Photos and Text By Madison Perrins
I have so many drafts of this piece written because it was difficult to decide who to calibrate it to. And, ultimately, like I always do when it comes to something creative, I ended up writing it to please myself—but hear me out! Part of the deep pleasure I extract from creating is anticipating the connection others may feel to my work once I put it out there. And part of the guard that people can build against their fear of failure in a creative endeavor is the idea that making art is this really self-centered act, and maybe that’s true—but only to the extent that we believe expressing ourselves is self-centered.
For me, making time for personal work each day has become synonymous with self-care and vitality. Writing is like having a check-in conversation with someone who loves you. Photographing is like zen meditation that calls for confidence, awareness, and connection. And the experiments I make with photographs, collaging, and mark-making are a way let myself be curious about and express the things my subconscious is drawn to: the wild feminine, nature, and mythology.
Making the time is simple: I say, “At 8 p.m. tonight I’m going to sit down and write in my journal.” “At 3 p.m. tomorrow I’m going to ask my friend if we can make some portraits in the woods.” It’s the excuses for not doing that make it complicated, and those are endless. No matter what the medium, I think the real task is to show up and be confident (or fake being confident)—even if we don’t feel ready. We’re never going to feel ready.
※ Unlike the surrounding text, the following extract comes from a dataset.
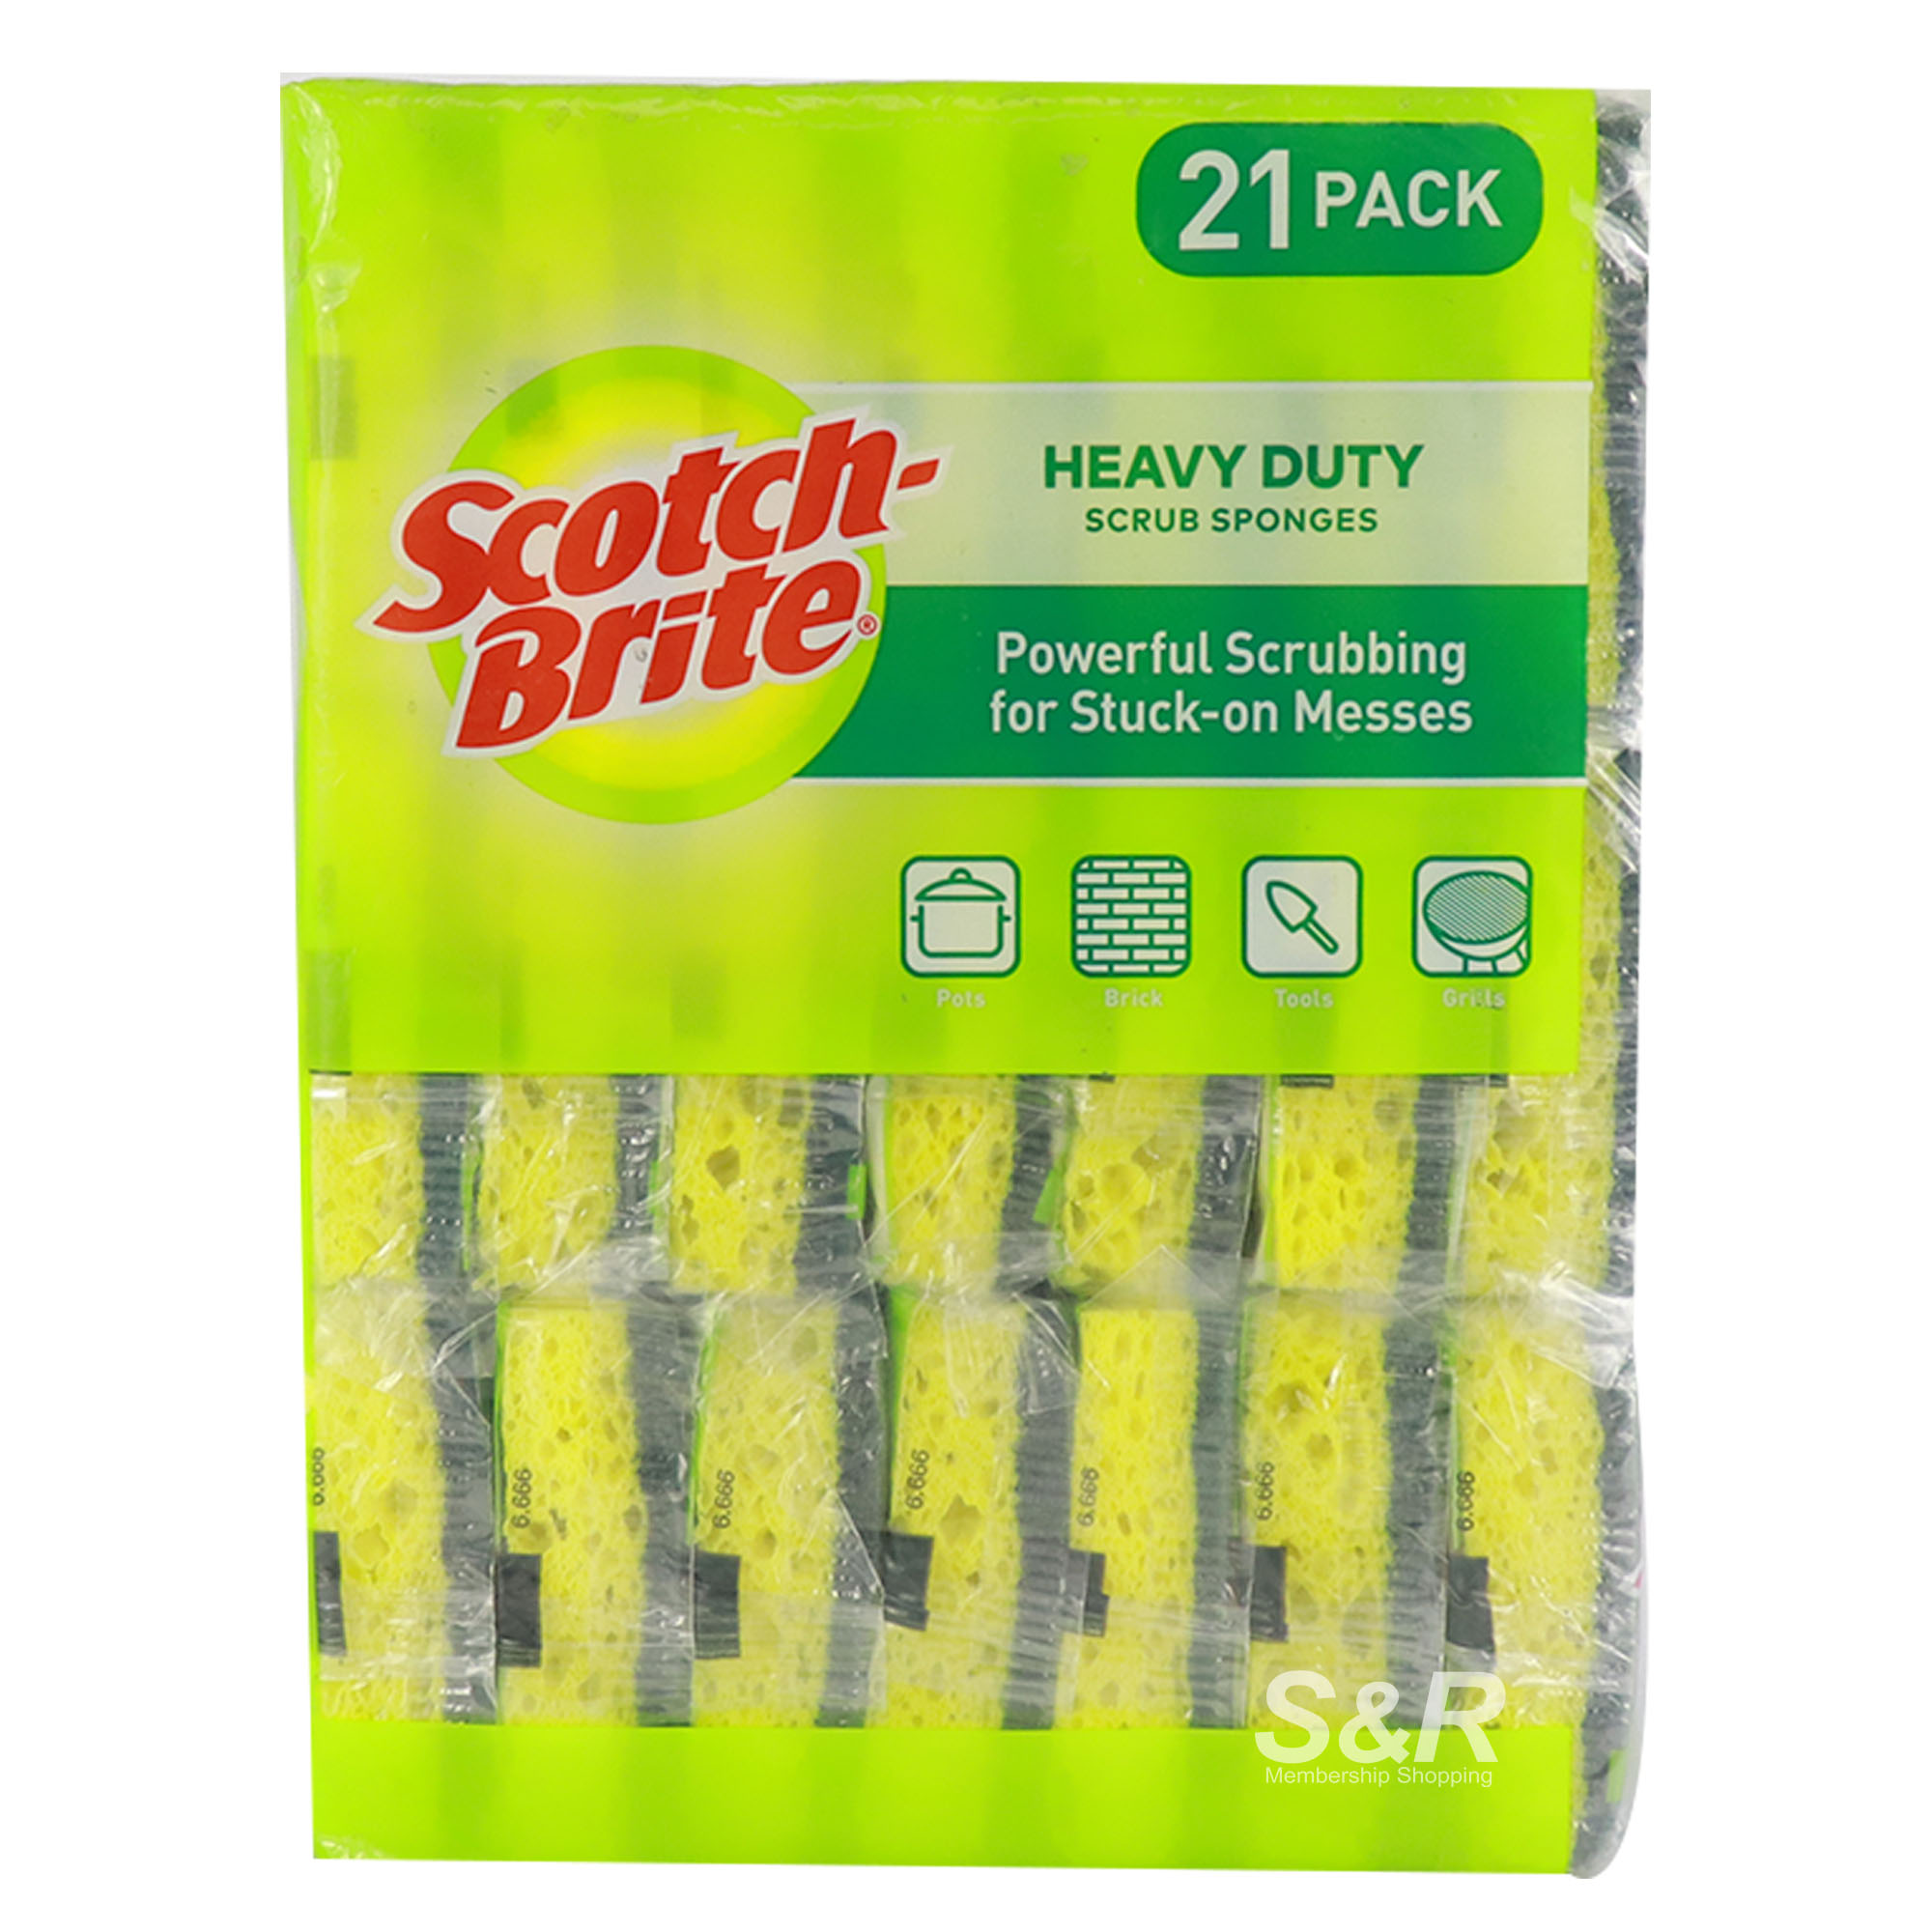 Scotch-Brite Heavy Duty Scrub Sponges 21pcs

No one around us feels ready. We’re not going to like everything we make; sometimes it’s ugly and awkward and misses the mark. But I think something that’s second nature in writing that can carry over to visual arts is that we rarely get things right on the first try. There’s a rough draft, revision, first draft, revision, second draft, revision, revision, revision, until it’s tight. Most people don’t punish themselves for not getting a piece of writing right on the first try—why should it be any different with a painting or photograph?
And speaking of tasks: I think the gap between vital and nourishing personal work and work created for clients isn’t as gaping as it’s made out to be. I struggle with this one a lot since the photographs I’m currently making for clients are oriented towards travel and adventure, which I enjoy doing, but not necessarily photographing. But since there’s no shame in paying the bills, I do the work with the mindset that it’s a way to put my personal stamp of authenticity on something. When we’re hired to do creative work, we’re hired for that bit of our personality that shines through—as an artist there’s this delicious prospect of being a tastemaker that I can take full advantage of, even while working professionally. Hopefully, we’ll look back someday and see that everything we personally make is connected.
Above all, we should understand that our creating inspires others. My own vulnerability has been propped up so many times in part by the choices of the confident makers around me—those women who are drawing, photographing, singing, writing, and whatever else, without apology. And that same vulnerability has become an asset that helps guide me through the toughest parts of a project. The fear we feel of expressing what’s going on in our inner worlds passes, and the outer world is better for us having done it.